Download or read book The Folklore and Folk Music Archivist written by and published by . This book was released on 1958 with total page 92 pages. Available in PDF, EPUB and Kindle. Book excerpt:
Download or read book Write Your Own Tall Tale written by Natalie M. Rosinsky and published by Capstone. This book was released on 2007-09 with total page 68 pages. Available in PDF, EPUB and Kindle. Book excerpt: Discusses how to write a tall tale, from how to get started to learning the tricks of the trade.

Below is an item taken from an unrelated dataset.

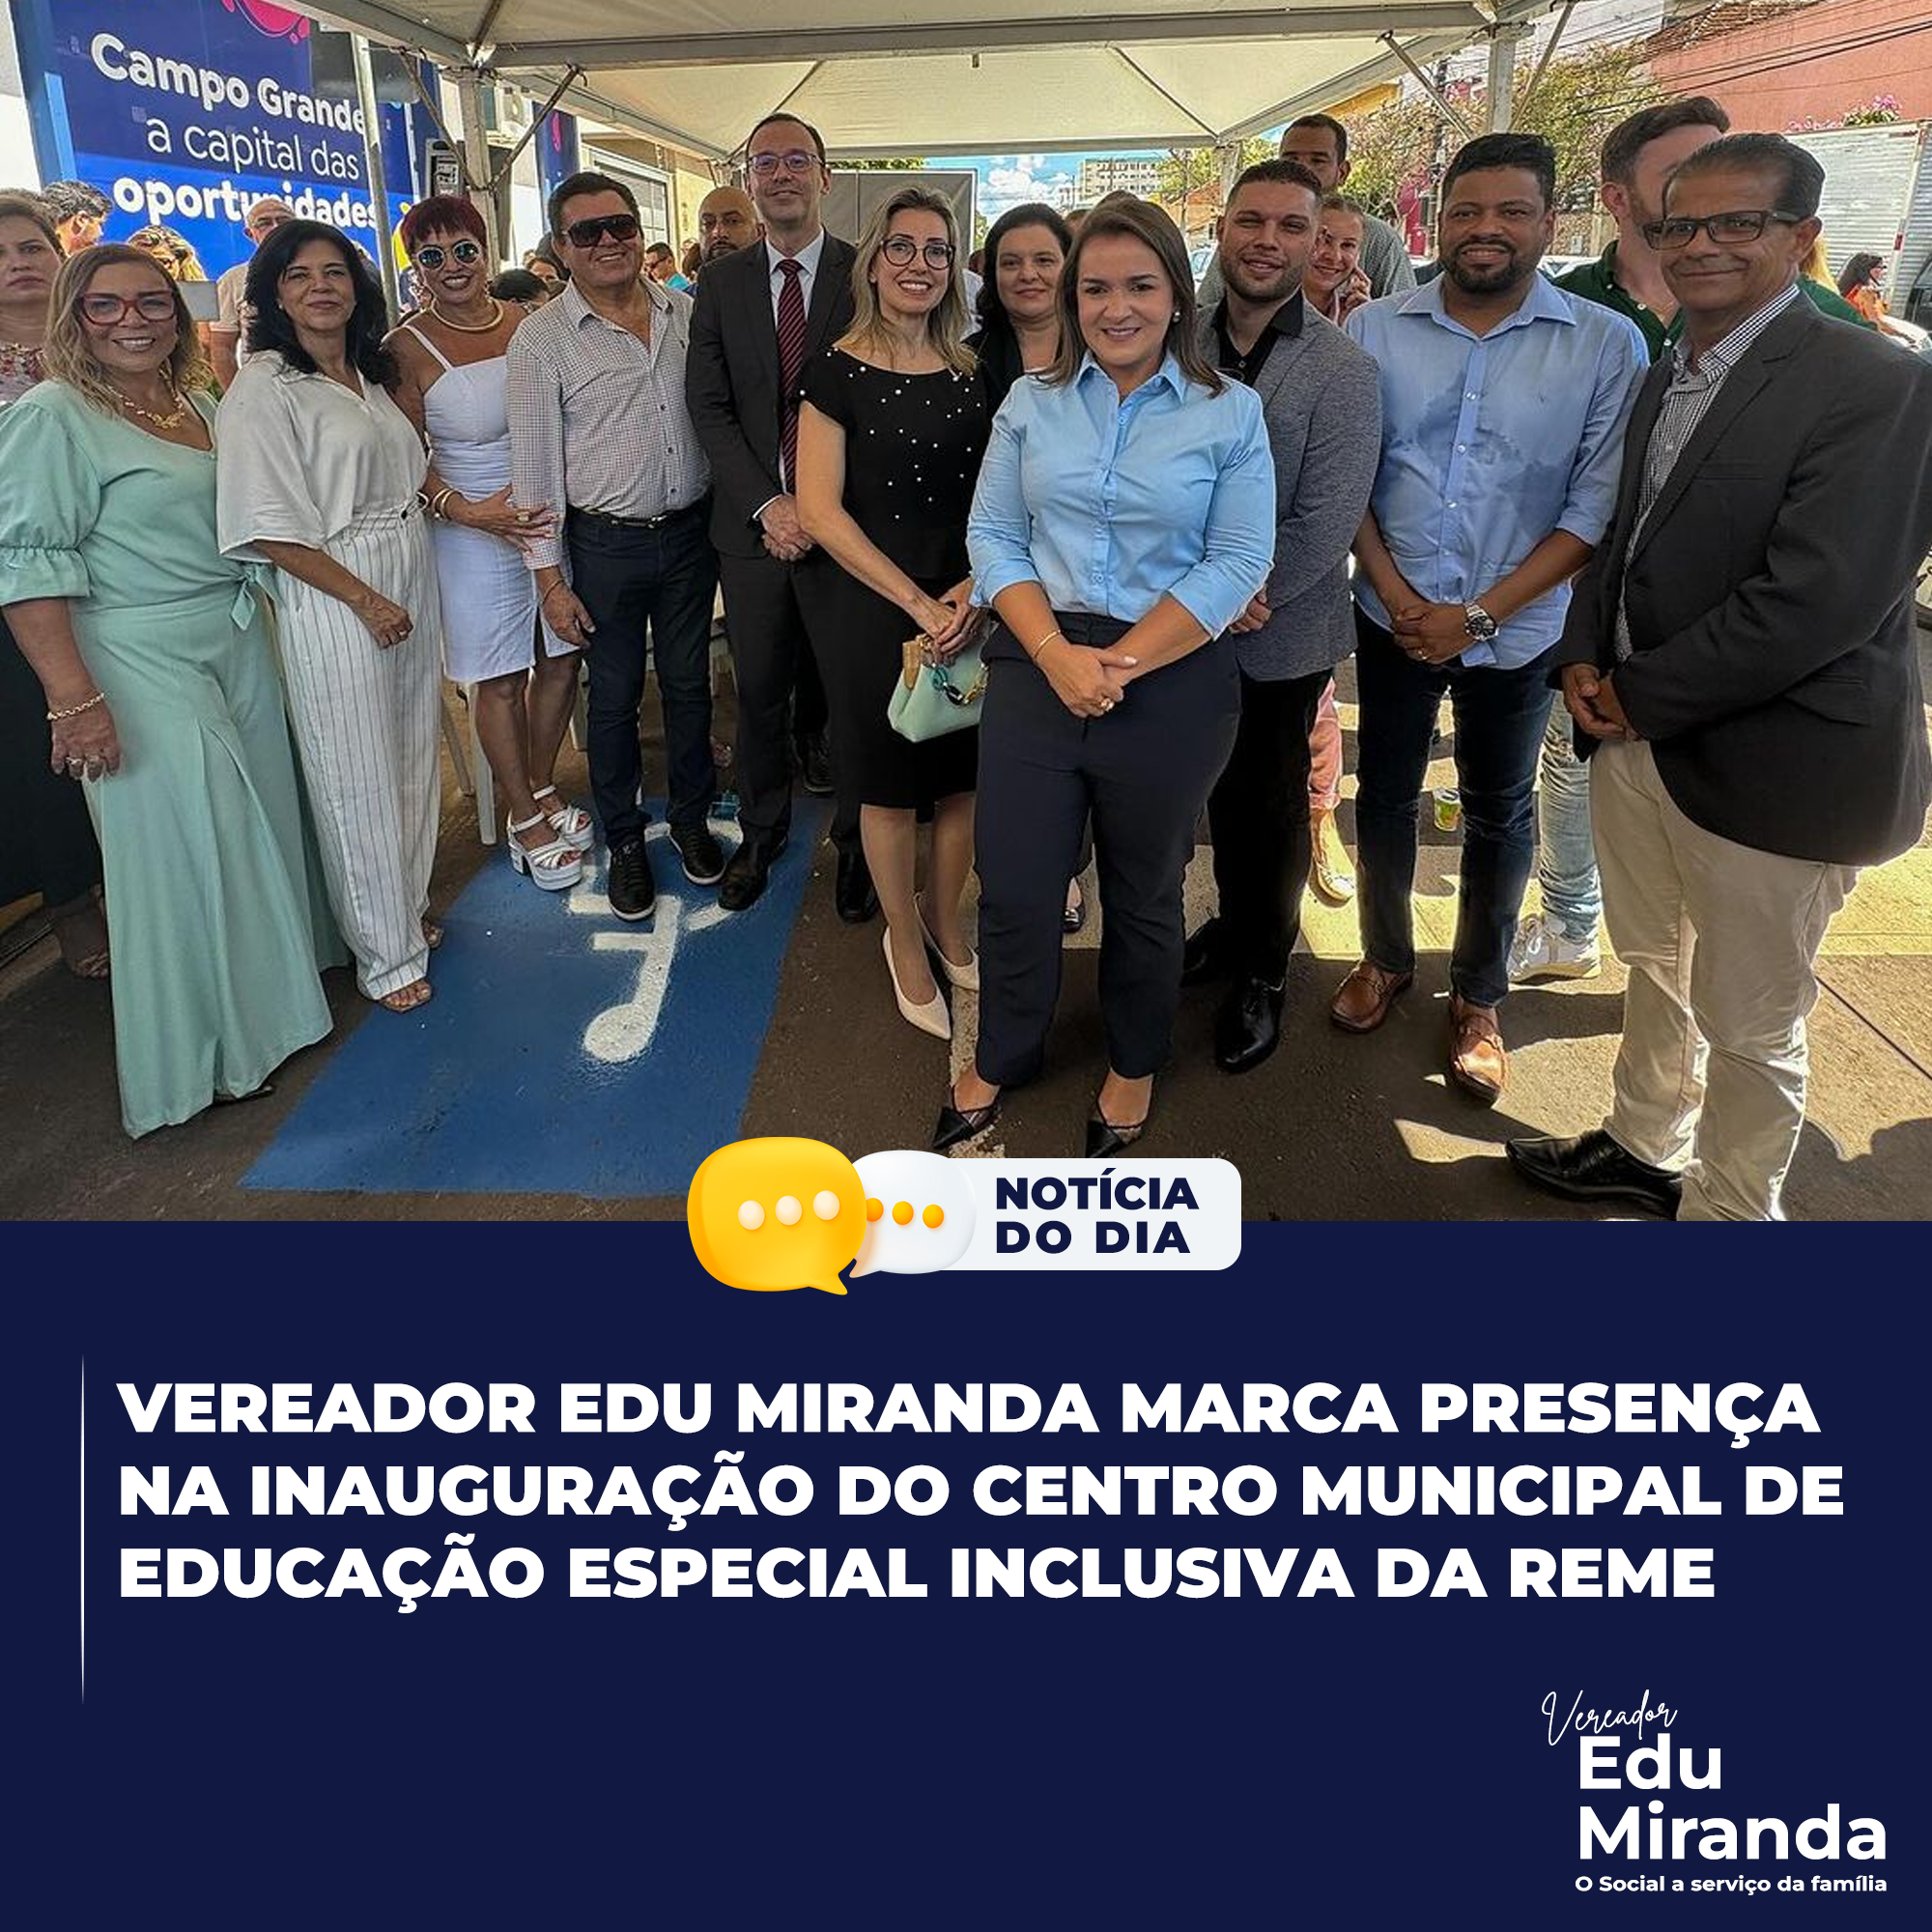 Vereador Edu Miranda marca presença na inauguração do Centro Municipal de Educação Especial Inclusiva da Reme

Download or read book American Negro Folktales written by Richard M. Dorson and published by Courier Dover Publications. This book was released on 2015-06-09 with total page 388 pages. Available in PDF, EPUB and Kindle. Book excerpt: A preacher battles a bear, a mother returns from the dead, and a clever servant conducts a Big Feet Contest in this rich anthology of African-American folklore. Scores of humorous and harrowing stories, collected during the mid-twentieth century, tell of talking animals, ghosts, devils, and saints. The first part of the book provides a setting for the fables, in which folklorist Richard M. Dorson discusses their origins and the artistry of storytellers. The second part consists of the tales, which include the adventures of Old Marster and John, supernatural episodes, and comical and satirical anecdotes as well as more realistic accounts of racial injustice. Recounted in the actual words of the narrators, the folktales abound in bold language, memorable imagery, and bittersweet humor that reflect the essence of African-American storytelling traditions.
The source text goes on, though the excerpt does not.